USS Ganges was a man-of-war in the United States Navy during the Quasi-War with France.

She was originally a fast sailing merchantman, built in Philadelphia in 1794 for the East Indies trade and named for the Ganges, India's principal river, which flows into the Bay of Bengal. Ganges regularly sailed to Calcutta and Canton. Apparently she returned to civilian service after serving in the U.S. Navy between 1798 and 1801.

Service history
She retained her merchant name when the U.S. Navy purchased her from the firm of Willing and Francis of Philadelphia on 3 May 1798. She cost $58,000 or $80,665, depending on the source.
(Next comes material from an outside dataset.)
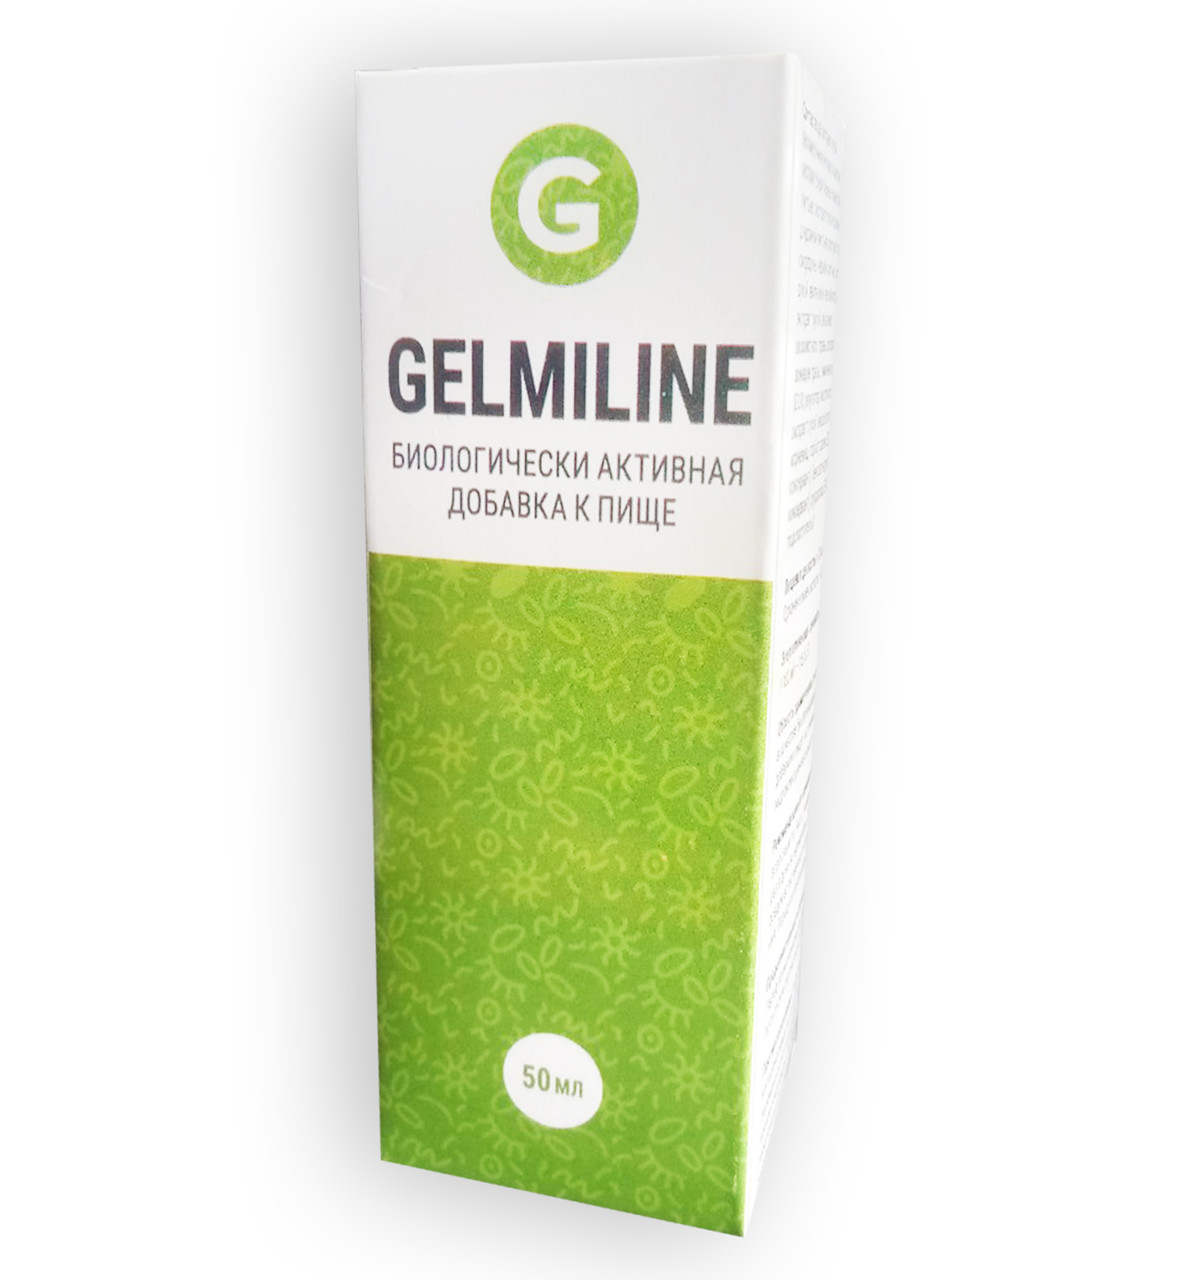 Gelmiline - Фитокомплекс від паразитів (Гельмілайн), Позбавляє і протидіє паразитам в майбутньому

With hostilities with France imminent, the Navy hastily fitted her out, making her the first man-of-war to fit out and get to sea under the second organization of the Navy. In Navy service she is described as being of 504 tons, and carrying 24 guns and a crew of 220 men. Her first captain was Captain Richard Dale, who had returned in her from a voyage to China.

1798
Ganges sailed from Philadelphia on 24 May 1798 under Richard Dale, whose orders directed him to "seize, take and bring into a port of the United States" French armed ships "committing depredations" within one marine league of the coast between the Capes of Virginia and Long Island. On 13 July, further orders authorized her to take any French armed ship wherever found, but she continued patrol between Cape Henry and Long Island for the protection of the large seaport cities. On 30 July, Ganges was directed to return to Philadelphia for refitting, but put into New York City instead because of fever and plague at Philadelphia.

In mid-September 1798, Captain Thomas Tingey relieved Captain Dale and, on 7 December, his ship was ordered to the Windward Passage between Cuba and Hispaniola to join the squadron protecting the Jamaican trade. Cruising in these waters with General Pinkney and South Carolina, she guarded American merchantmen from seizure by French naval vessels, privateers, and "all armed vessels acting without commission."

1799
On 6 January 1799, off the Island of Tortuga, Ganges fell in with the sloop Ceres, off her course for no apparent reason and suspected of heading for illegal trade at Cap Français. Tingey detained the captain of Ceres, questioned him, and reported to intelligence. The incident occasioned the following passage from Tingey's letter of concern to Benjamin Stoddert, the Secretary of the Navy:

On 21 February, officers of the 28-gun English frigate  boarded Ganges off Cape Nichola Mole, Hispaniola, and demanded all Englishmen aboard. Tingey firmly replied:

The crew gave three cheers, ran to quarters, and called for "Yankee Doodle". Surprise departed.

Having returned home for repairs in March, Ganges convoyed Kingston, carrying American Consul General Dr. Edward Stevens, to talk with Toussaint Louverture in Haiti. She then cruised the Caribbean from Havana to Puerto Rico, St. Thomas, St. Kitts, St. Bartholomew's, Santo Domingo, Barbuda, and Jamaica.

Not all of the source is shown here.